* **Task objective**: Set down without change every line from the line that contains "bas à gauche" through the end of the listing, and only those lines. No pictures.

#### Exercise input

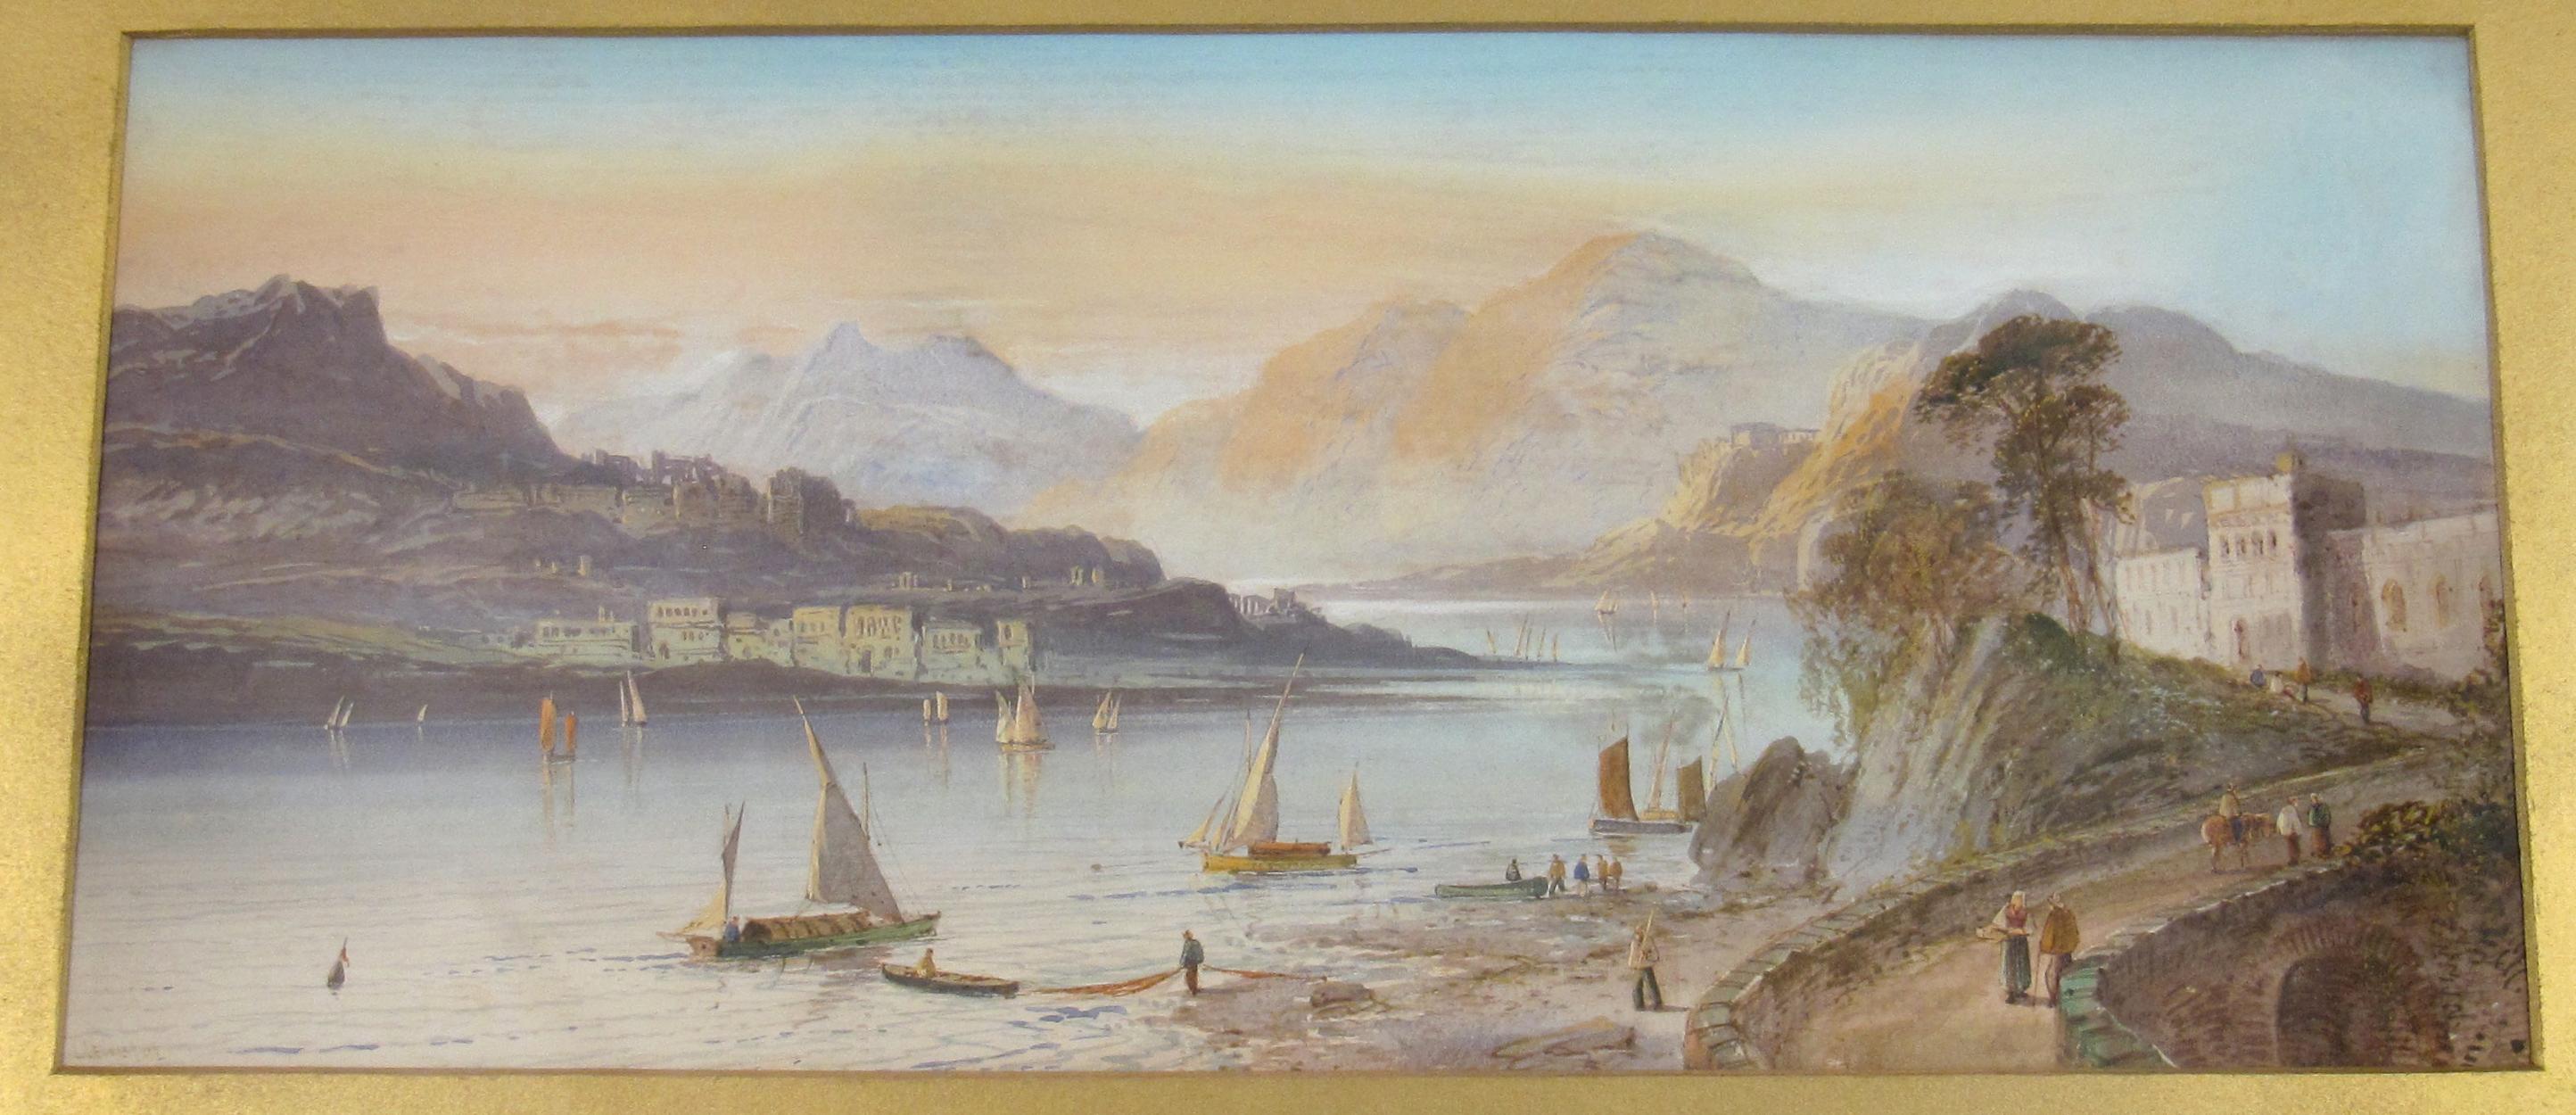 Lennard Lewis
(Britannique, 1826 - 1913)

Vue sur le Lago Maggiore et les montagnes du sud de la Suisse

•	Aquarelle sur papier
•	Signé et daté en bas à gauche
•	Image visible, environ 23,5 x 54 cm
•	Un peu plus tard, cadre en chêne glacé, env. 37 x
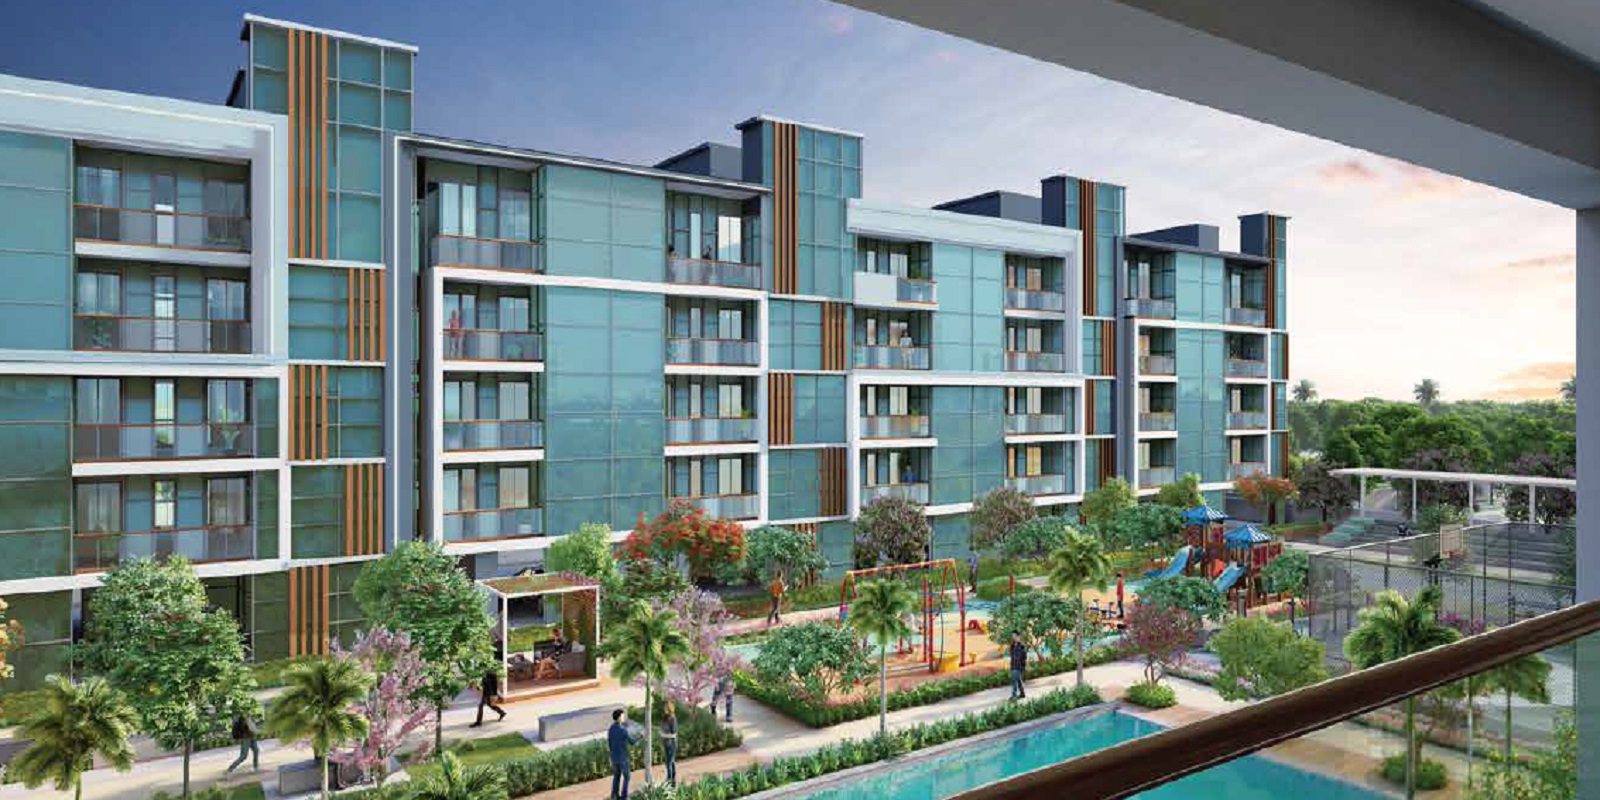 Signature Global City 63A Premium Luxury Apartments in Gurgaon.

########

* **Answer**:
•	Signé et daté en bas à gauche
•	Image visible, environ 23,5 x 54 cm
•	Un peu plus tard, cadre en chêne glacé, env. 37 x
 Signature Global City 63A Premium Luxury Apartments in Gurgaon.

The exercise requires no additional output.